My mother had another of her health episodes again that resulted in a trip to the hospital. This time she apparently was able to avoid being intubated, which is impressive, but her breathing is a problem that isn't going away. So after a few days in the hospital the doctors gave her a diagnosis of about 6 months to live.
My family is already gearing up to begin the grieving process and trying to squeeze the most quality time with her that they can over the next six months. My sister Teri is talking about wanting everyone to come to Phoenix this year for Christmas because it will be my mother's last one, and my mother is reportedly echoing these same desires. My aunts and uncles are all making plans to visit her in the next month or so and even my nieces and cousins are all chipping in with well-wishes and changes to their personal lives while my mother struggles through these last remaining months.
And then there is me.
I am truly stuck at this point as to what I want to do. My sister and my aunt have subtly hinted and inquired as to what my plans are and they were nothing but polite and respectful of me when this subject was broached. I answered them both as honestly as I could by not committing to anything and saying I wasn't sure what I was going to do. I really don't know because I have many aspects pulling at me.

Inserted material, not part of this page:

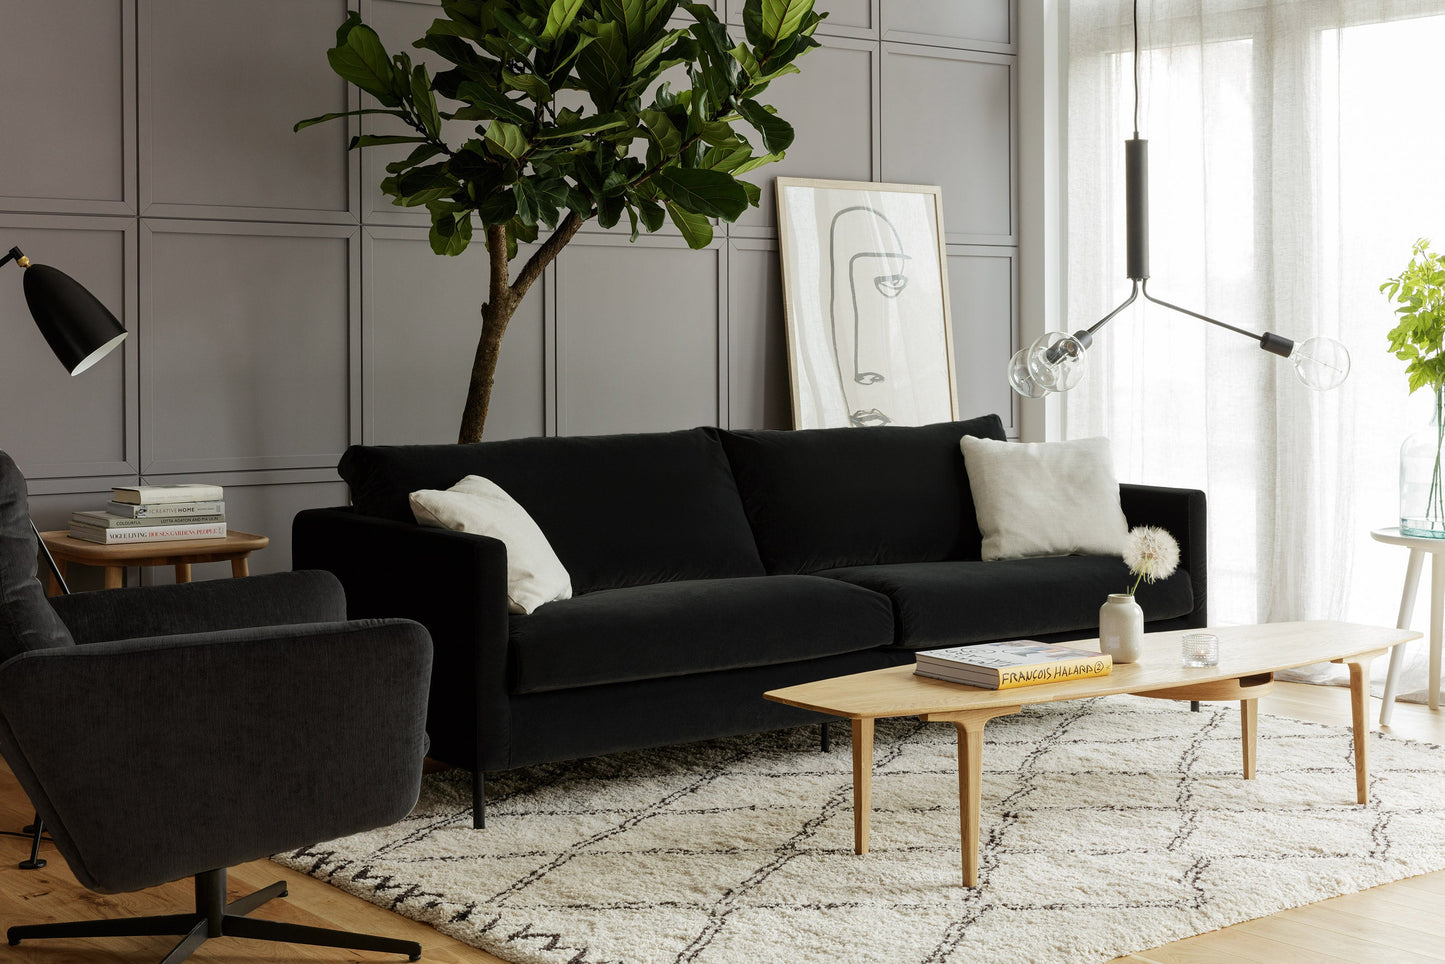 Impulse 4-seter sofa Classic Velvet Antracite, en del av kategorien 4-seter - At Home Interiør
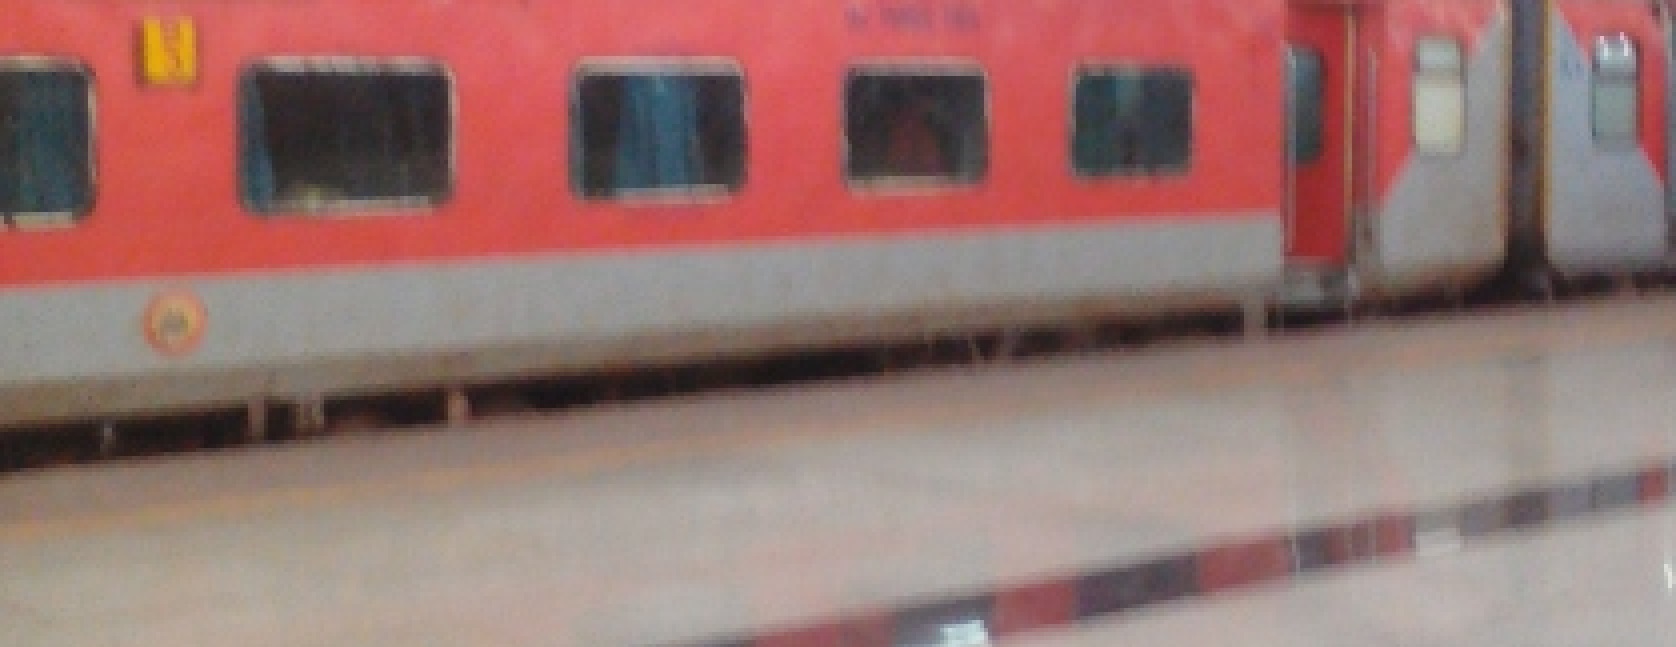 Reaching Mumbai by Train

I can't ignore the fact that despite these recent developments with my mother, nothing has changed. For me, that's an entire lifetime of abuse, neglect, deceit, and betrayal that has not only gone unaccounted for, but she has continued to live in that type of selfish, self-serving manner that forces others to take responsibility for the consequences of her actions, or lack of action as is often the case. Awhile ago I made the choice to move forward and away from her and her lifestyle when she proved to me that she would always choose the way that brings her the most drama and attention without any regard to the feelings of her children or other family members who love her. Eventually my decision became obvious to her and she left me a tearful message telling me she wasn't aware of what she was doing and how I was so wonderful to her and that she loved me. I found it funny that even then she still refused to acknowledge her actions and own up to her behavior, but I am not surprised, and I guess that is really my point. How do I ignore the past?
I feel that if I were to just forgive and forget everything that I would be selling myself and my convictions short. I have a responsibility to myself and to my children to be honest and true to the decisions I have made and will make in the future. I wish I had pulled away from my mother decades ago and saved myself years of drama and pain, but I eventually did pull away at a time and place of my own choosing when I decided that enough was enough and that I deserved to be treated better. When my children learn about this, they will know that it is OK to stand up for yourself against anyone and anything that is doing you harm. I don't want them to think that it is acceptable to expect less. My actions are the guide they will use for their life, so shouldn't I provide them with the best examples?
In fairness, I expect my mother to make proclamations about her past and seek out forgiveness and understanding before she dies, that's natural to do when going through the last stage of your life. But it's pretty shitty when you think about it. Are we supposed to be treated like shit for 40 years by someone and then when their life is ending say, "That's OK, I forgive you for being a bad person!" Where is the fairness, or justice, in that? I wouldn't expect anyone to ever talk to me if I behaved even half as badly as she has over the years, so I don't see how her death is a reason to change everything. We all knew she was going to die eventually, we ALL die eventually, so how does this change a thing? It doesn't, it doesn't at all. Especially when she saw this coming for a long time and did absolutely nothing to prevent it and making things easier on her children, but she actively chose not to.
Perhaps I am horrible, but I also keep thinking that this is exactly what she wants. She has always been addicted to drama, and what better way for her to go out that to have a Terms of Endearment type ending where she dies too young and everyone is rallying around her bedside professing their love and sadness and vowing to live right by her. I just can't be a part of something like that. I can't and I won't.
This is all depressing. While I intended to talk about more, I just no longer feel like it right now. I'll have to finish this later.